#### TASK:
Leave the pictures out and write out the rest of the listing word for word.
--- SUPPLIED INFORMATION ---
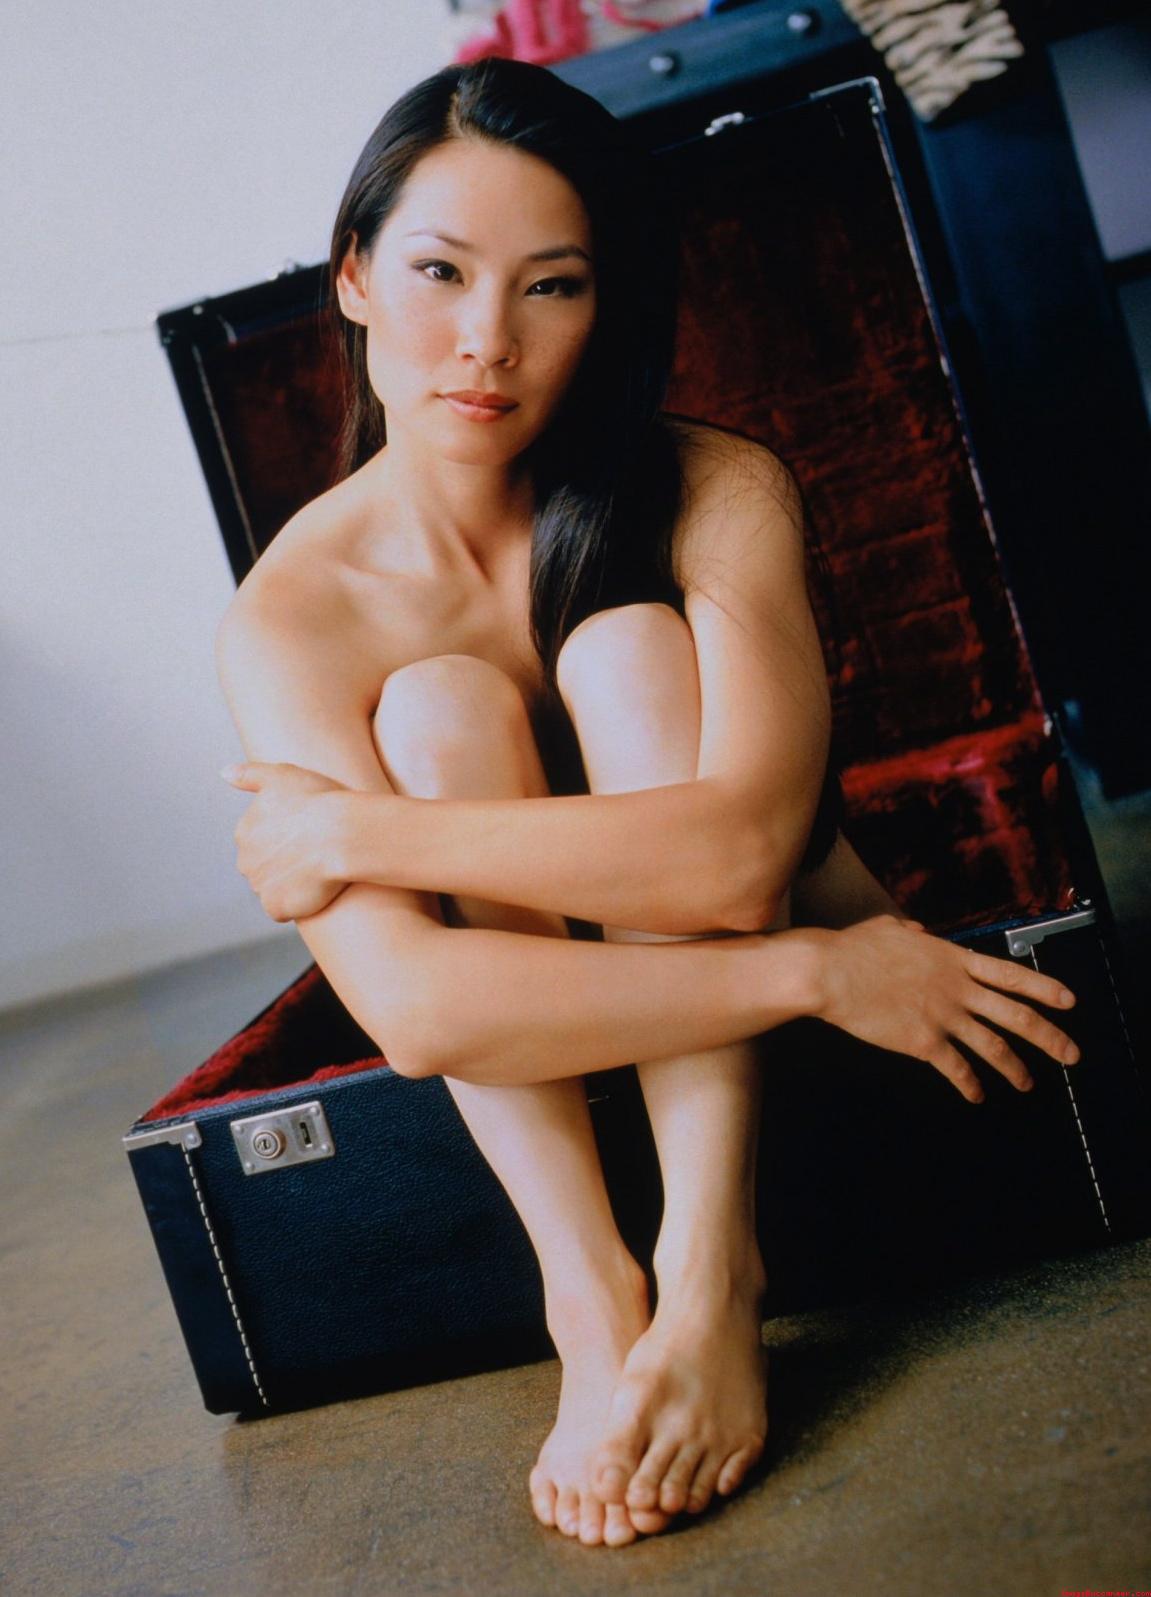 Lucy Pinder desnuda - haztepajascom
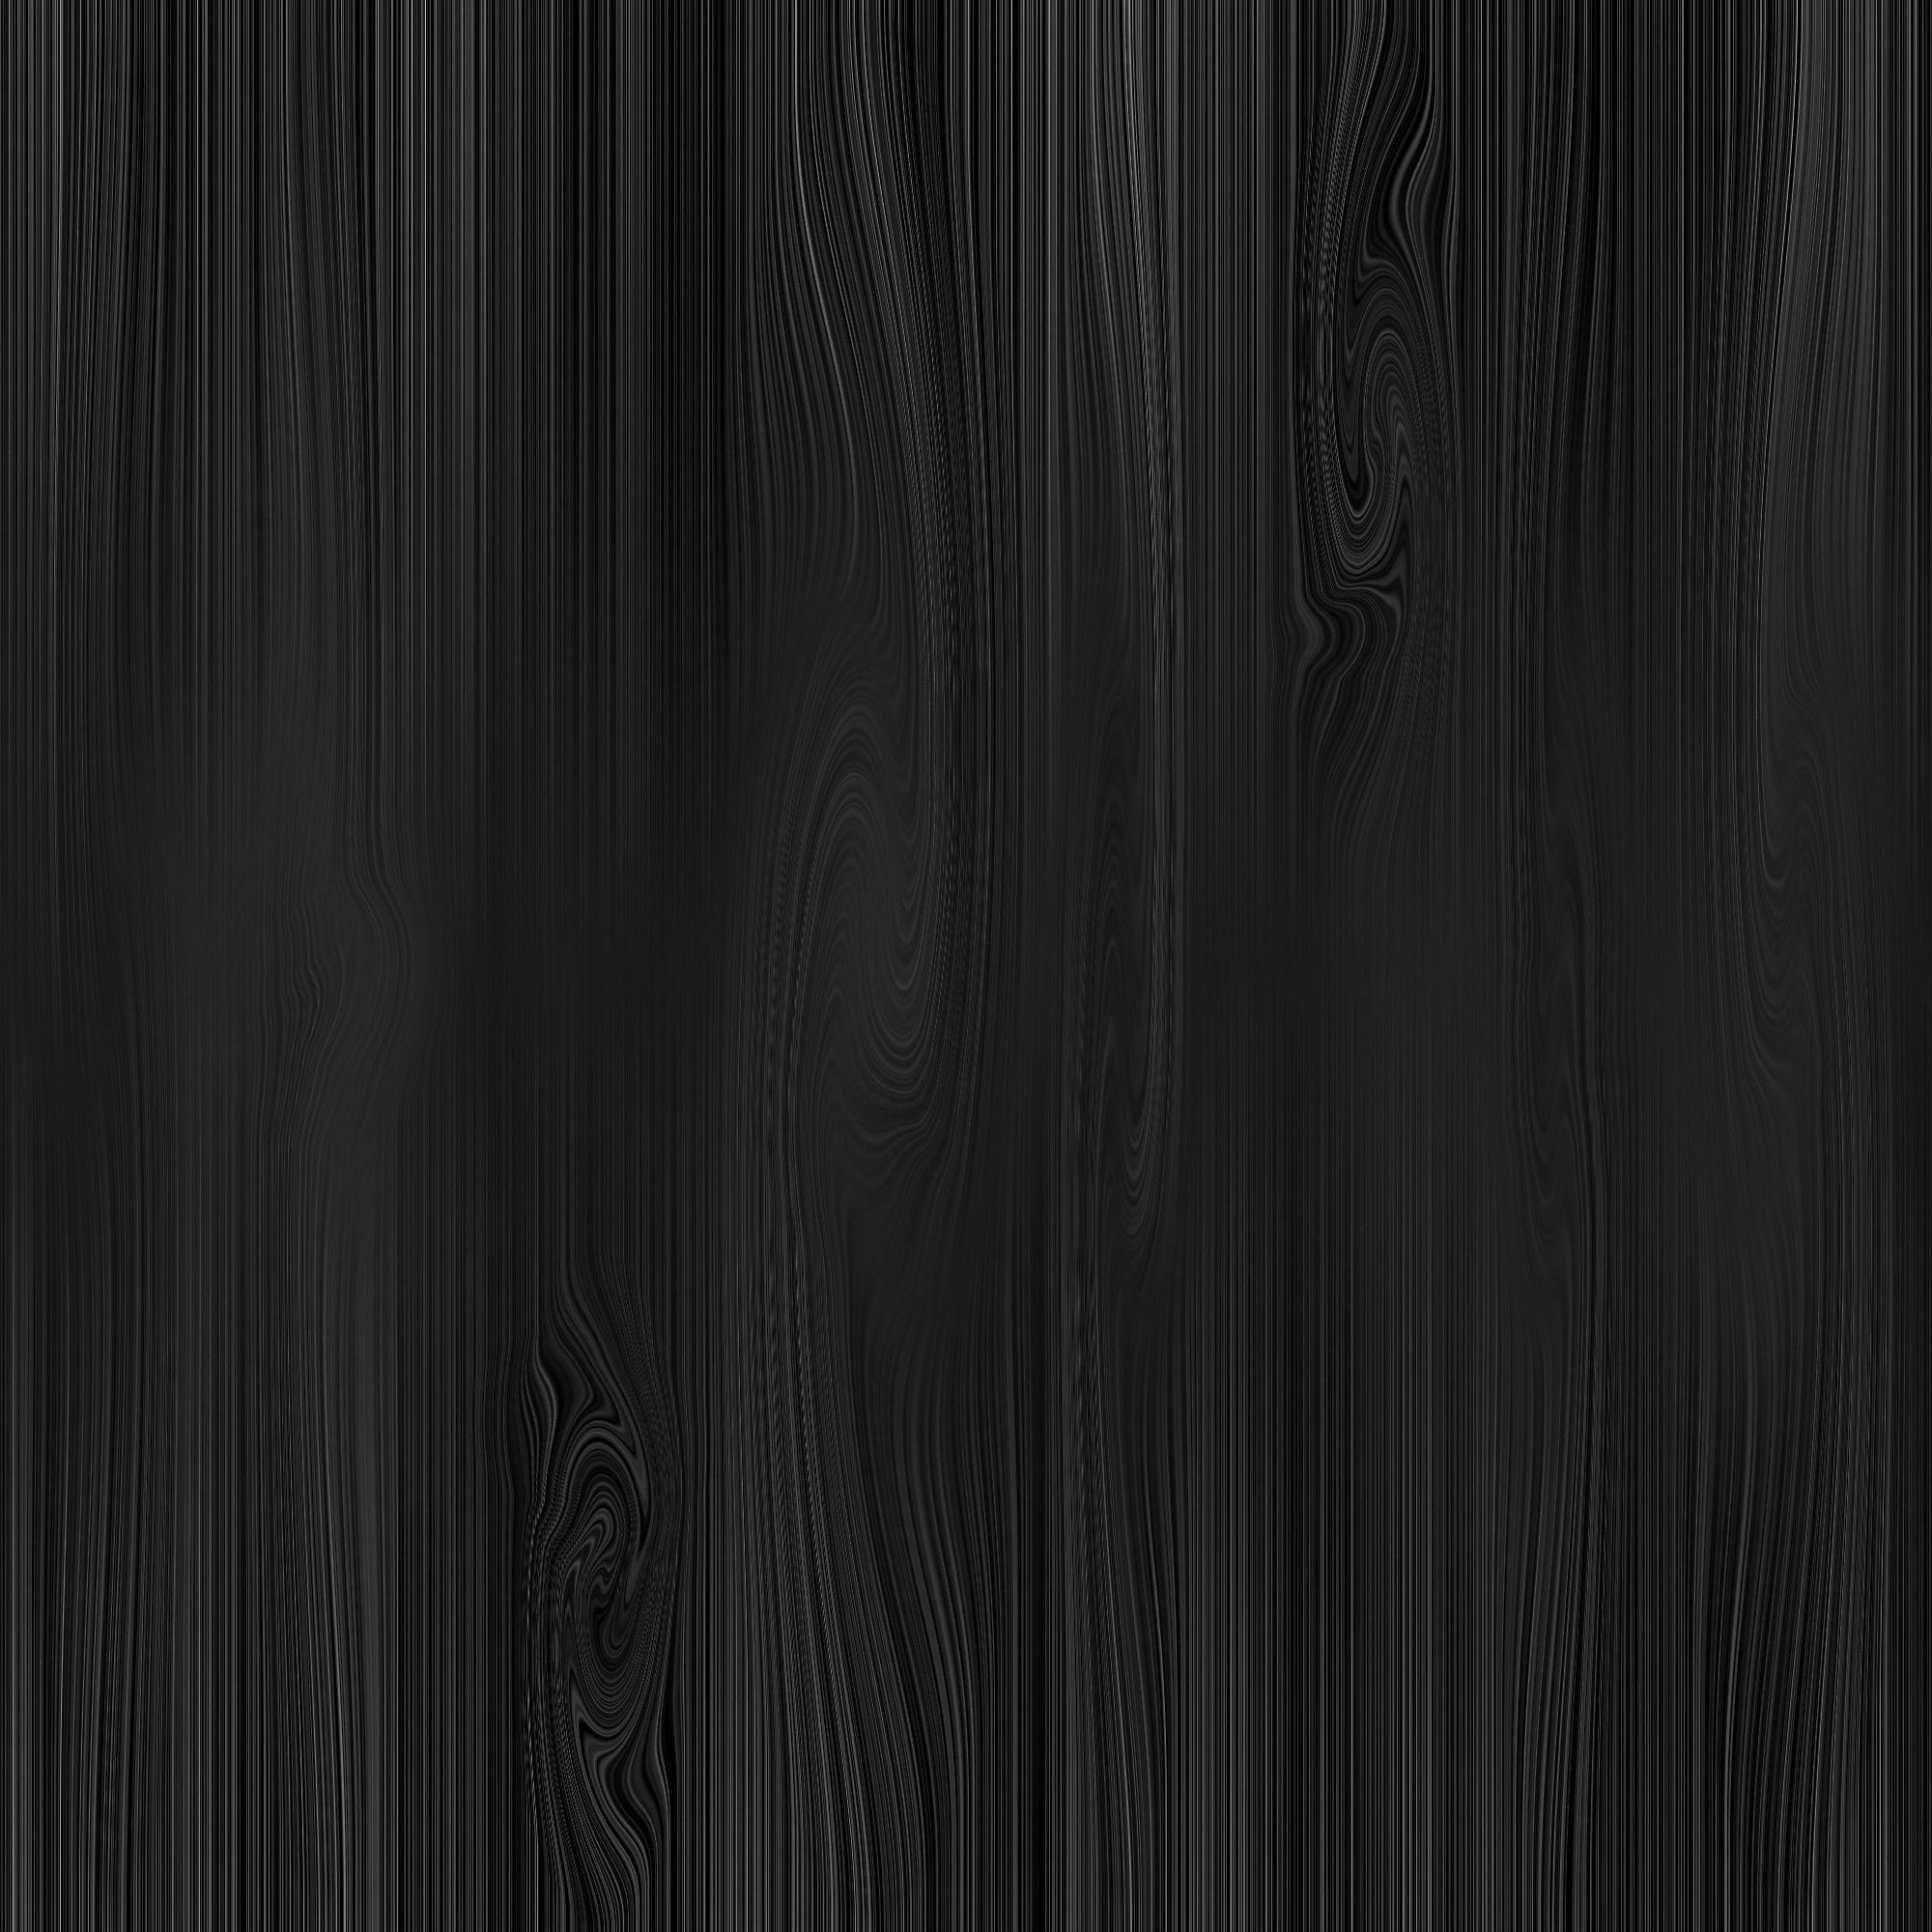 Background Through Train Background Black Wood Grain Texture Board Black Wood Grain Background Black Wood Background
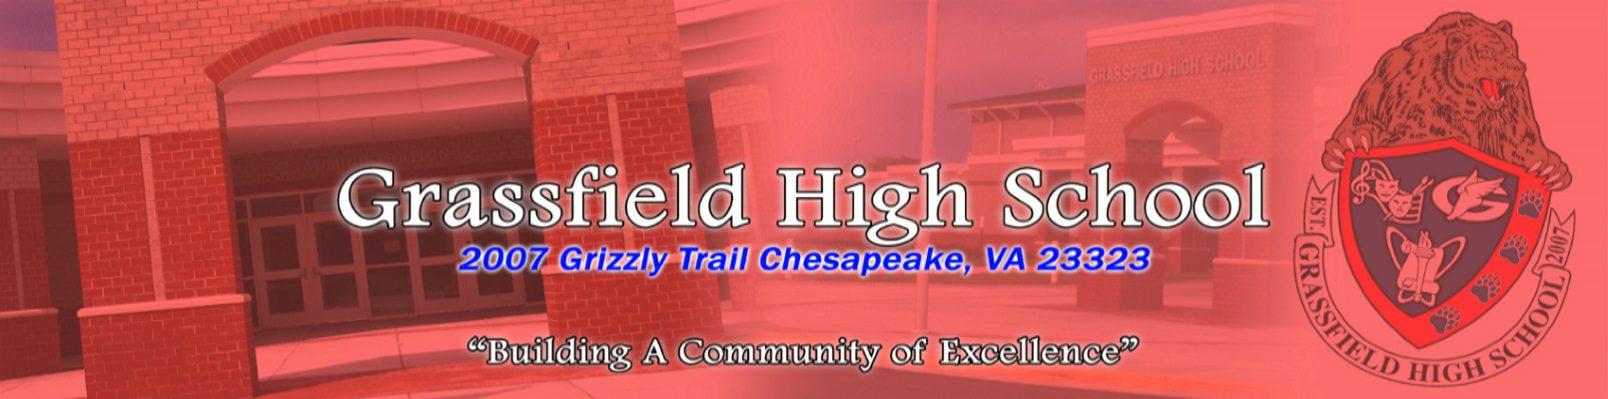 Grassfield High School
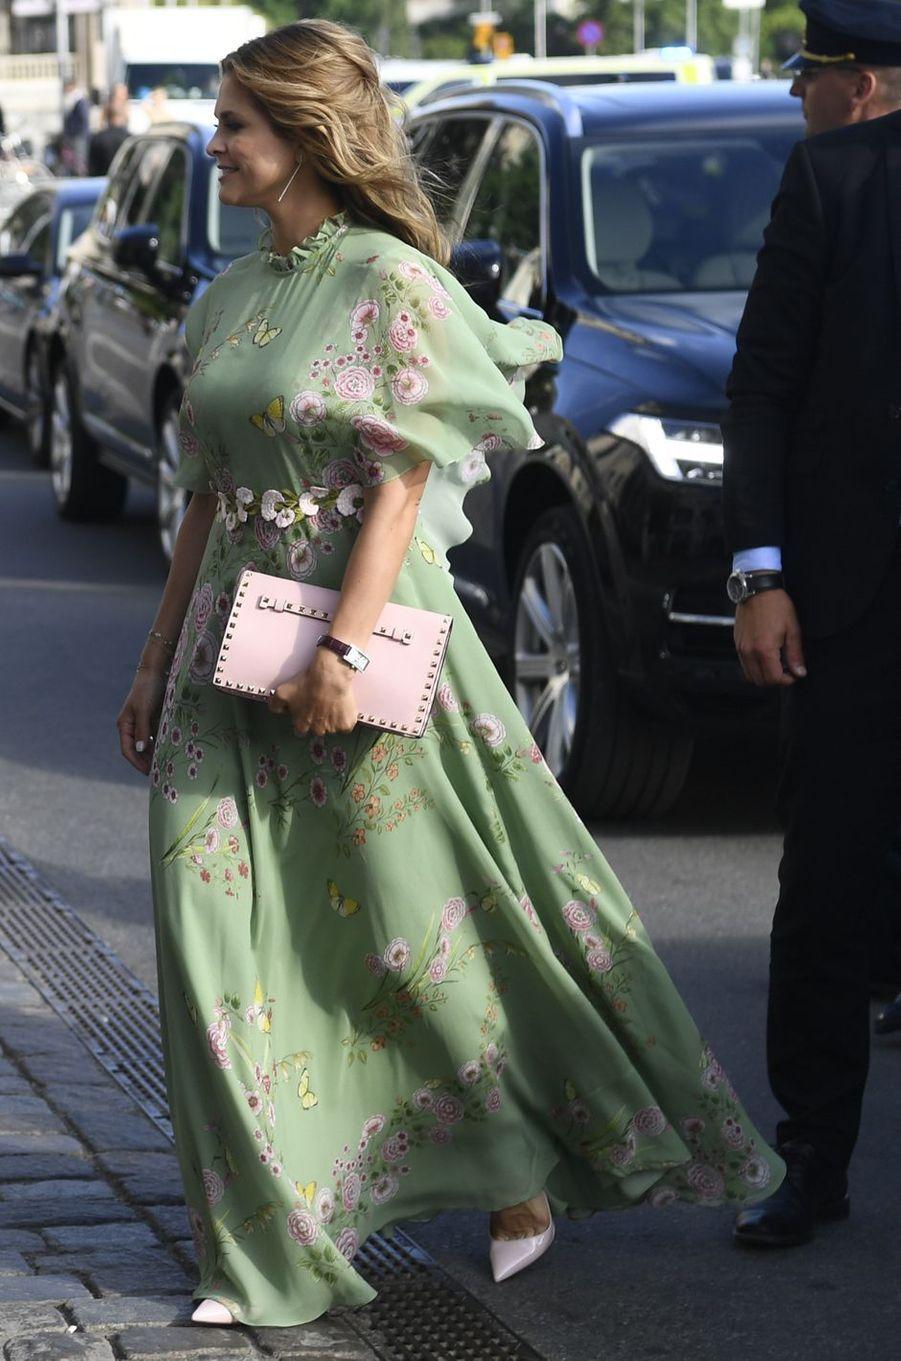 La princesse Madeleine de Suède dans une robe Giambattista Valli, le 14 juin 2018
---
#### RESPONSE TO THE EXERCISE:
 Lucy Pinder desnuda - haztepajascom
 Background Through Train Background Black Wood Grain Texture Board Black Wood Grain Background Black Wood Background
 Grassfield High School
 La princesse Madeleine de Suède dans une robe Giambattista Valli, le 14 juin 2018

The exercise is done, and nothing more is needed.